The prophets put forward a peculiar explanation for their extraordinary visions. They don’t necessarily attribute it to their spirituality. They see soothsaying as a kind of physical phenomenon, related to either the circularity of time or to its illusoriness. Ambrogio goes as far as to say that there’s really no such thing as time. The sense of its passing “is given to us by the grace of God so we will not get mixed up, because a person’s consciousness cannot take in all events at once. We are locked up in time because of our weakness.”

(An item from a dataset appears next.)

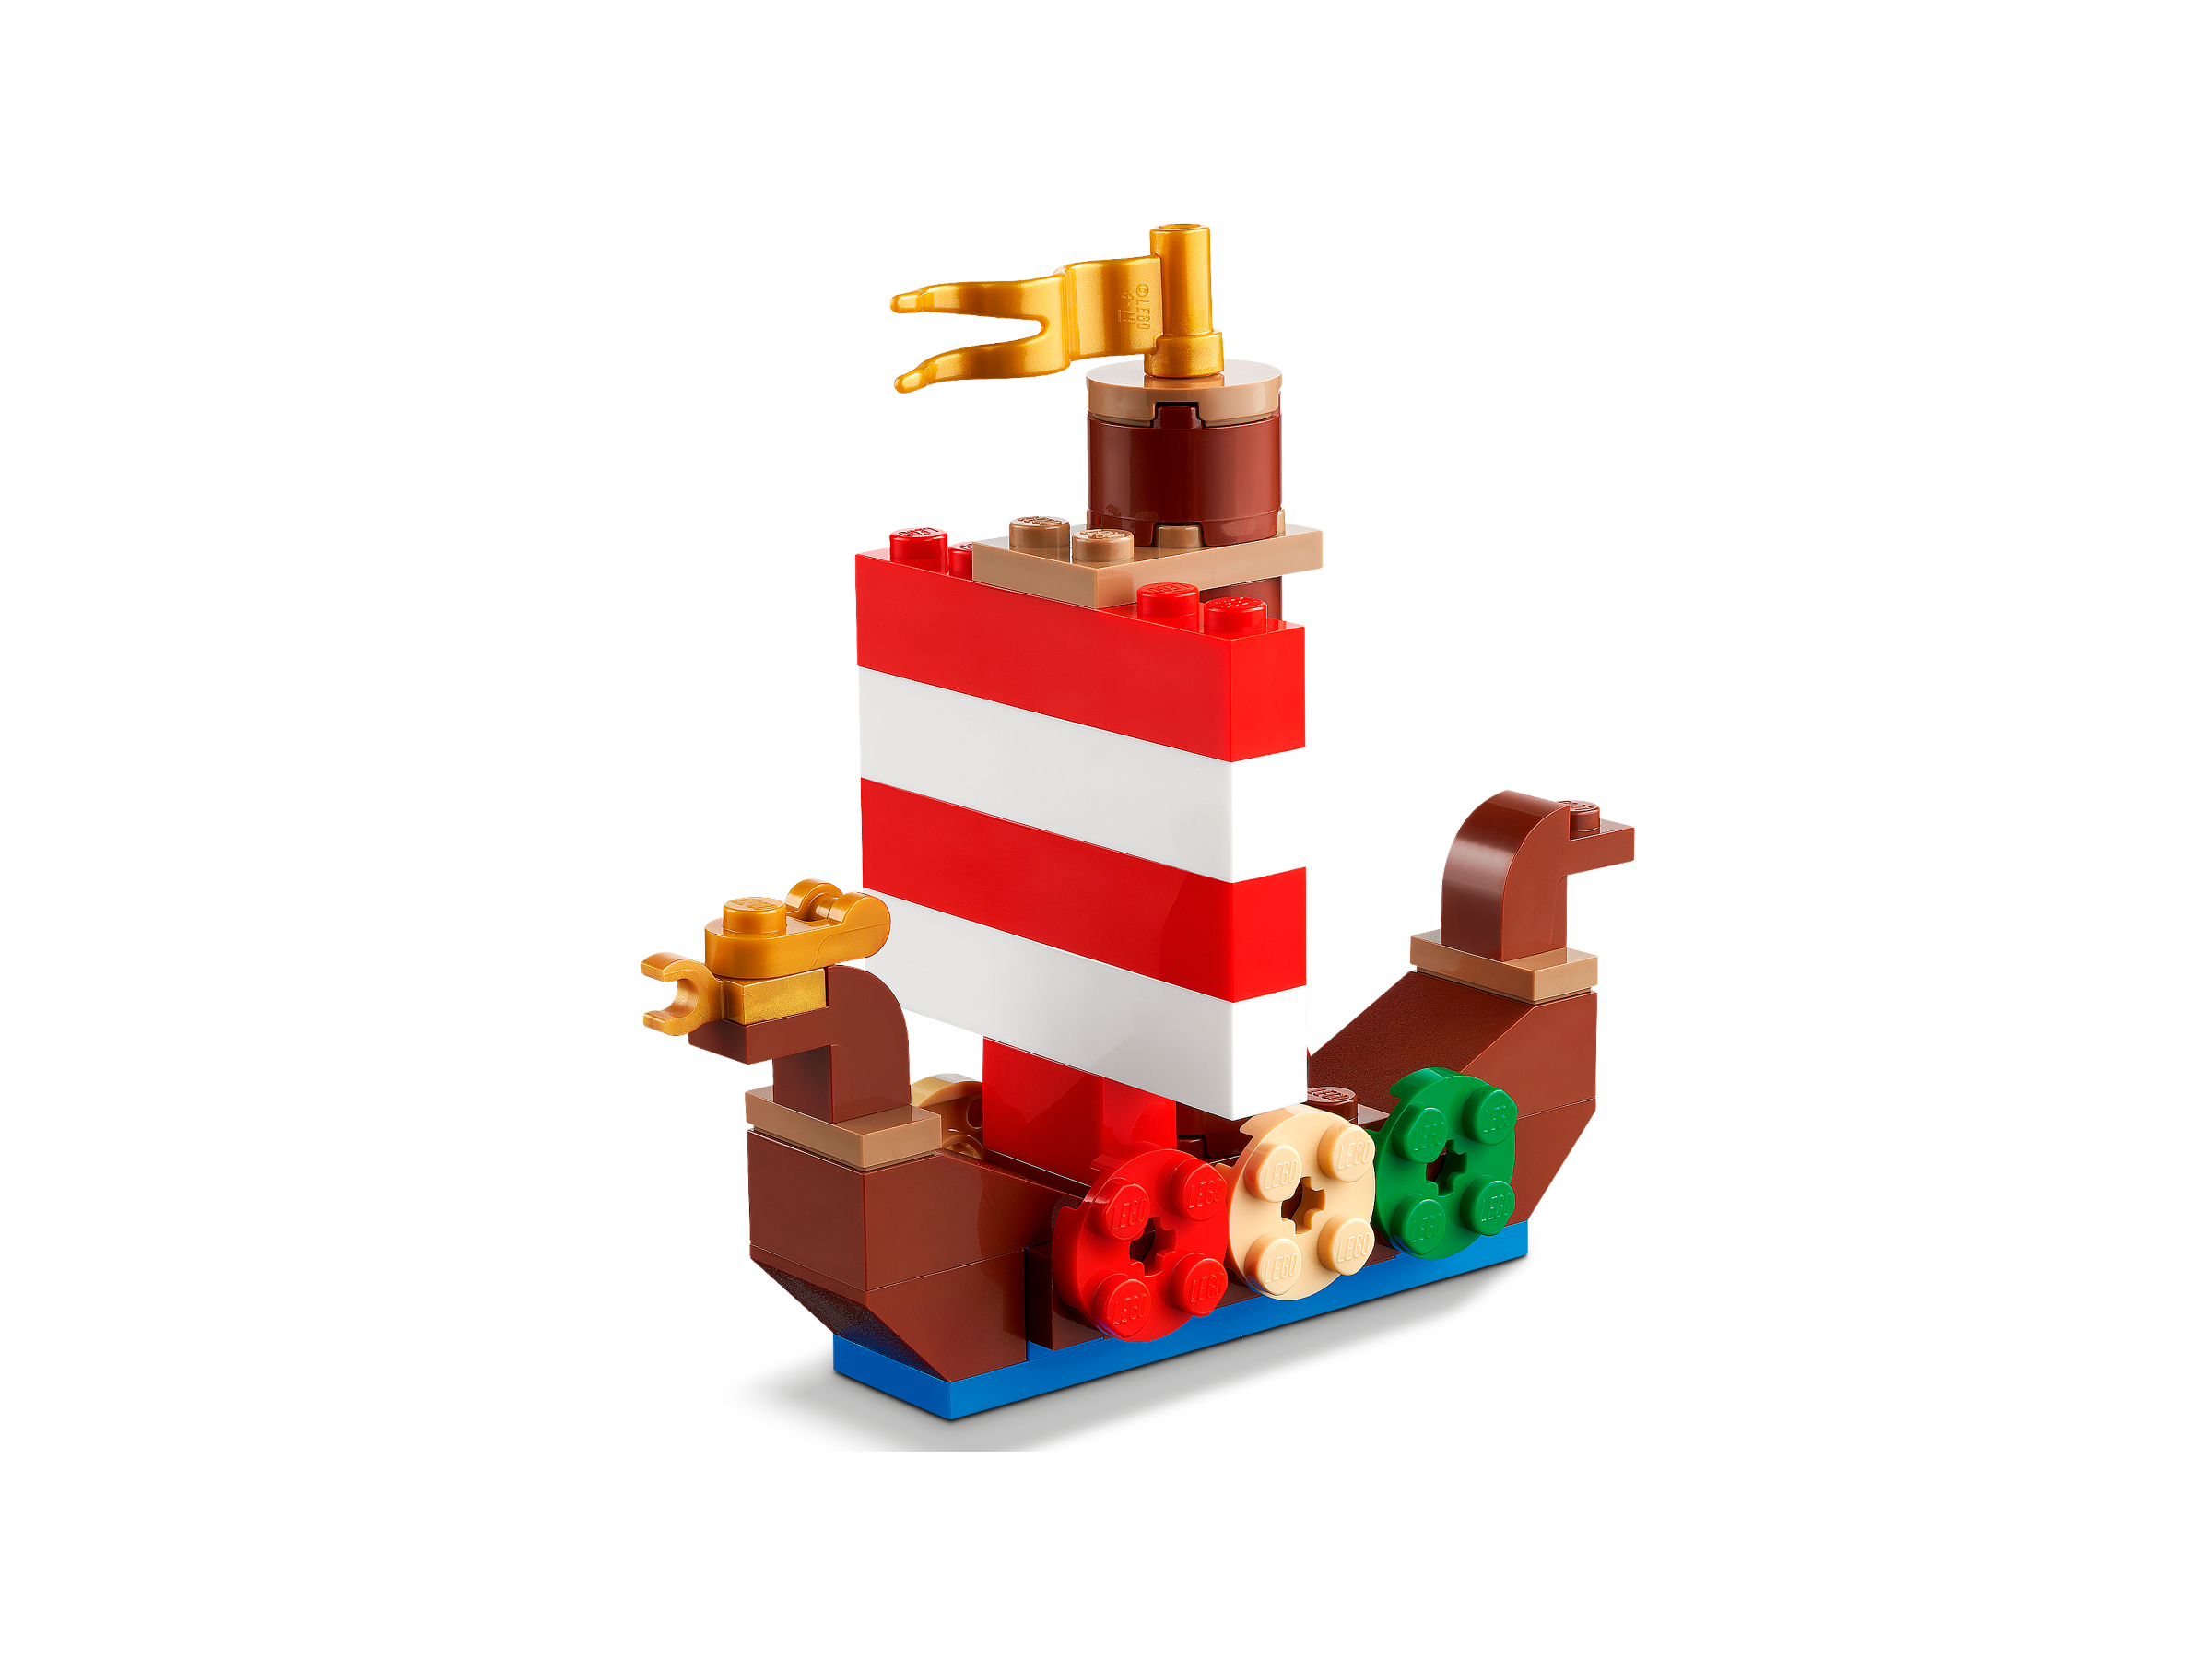 LEGO Classic Creative Ocean Fun 11018 - Juego de juguetes de construcción  para niños, niños y niñas a partir de 4 años (333 piezas)

The semi-rational notions of the two mystics resonate in a particularly contemporary register, as fifteenth-century Russian religious thought grazes against the theories of relativity and quantum mechanics. Some current-day scientists, particularly the heterodox British physicist Julian Barbour, have speculated that the theories imply our universe exists in a kind of frozen space-time, in which everything that has ever happened and everything that will ever happen is occurring right now, in a single gigantic instant. The world has already ended. Kurt Vonnegut’s Tralfamadorians told the holy wanderer Billy Pilgrim something like that, too. If correct, the human experience of time flowing like a river is more a function of our physiology: a singularly intense hallucination. The minutes may indeed pass by the grace of God.
In “Laurus,” Vodolazkin conveys the simultaneity of existence in his use of language, which, as the translator notes, “blends archaic words, comic remarks, quotes from the Bible, bureaucratese [and] chunks of medieval texts.” Hayden has tried to do justice to these stylistic flourishes by mixing Old English locutions and spelling—”yonge,” for young, “wombe” for womb, and “sayde” for said—with contemporary slang. After Arseny gets beat up for exposing the local baker’s transgressions, his fellow holy fool Foma warns, “Your clock will be cleaned again, my friend.” At the Church of the Dormition of the Mother of God, dust motes caught in a ray of sunlight swirl “in a pensive Brownian dance”—a reference to molecular Brownian motion explained by Albert Einstein in 1905.
We live in an age in which the pre-modern frequently comes flush up against the modern and the post-. But Russia and Russian life seem to be especially prone to existing on several planes of time at once. Occasionally, certain Russians cry out that they can see the future. Others dwell in the Byzantine. They may pass you on a Moscow street, robed and bearded. On an autumn walk through the countryside, you may get five bars on your phone while a distant onion dome rises above a stand of birches, a kerchiefed woman on the side of the road sells a kilo of pickles, other women scout for mushrooms in the woods, and in the fields there is a humming swish!, accompanied by the quick gray blur of a long, curving blade on a stick.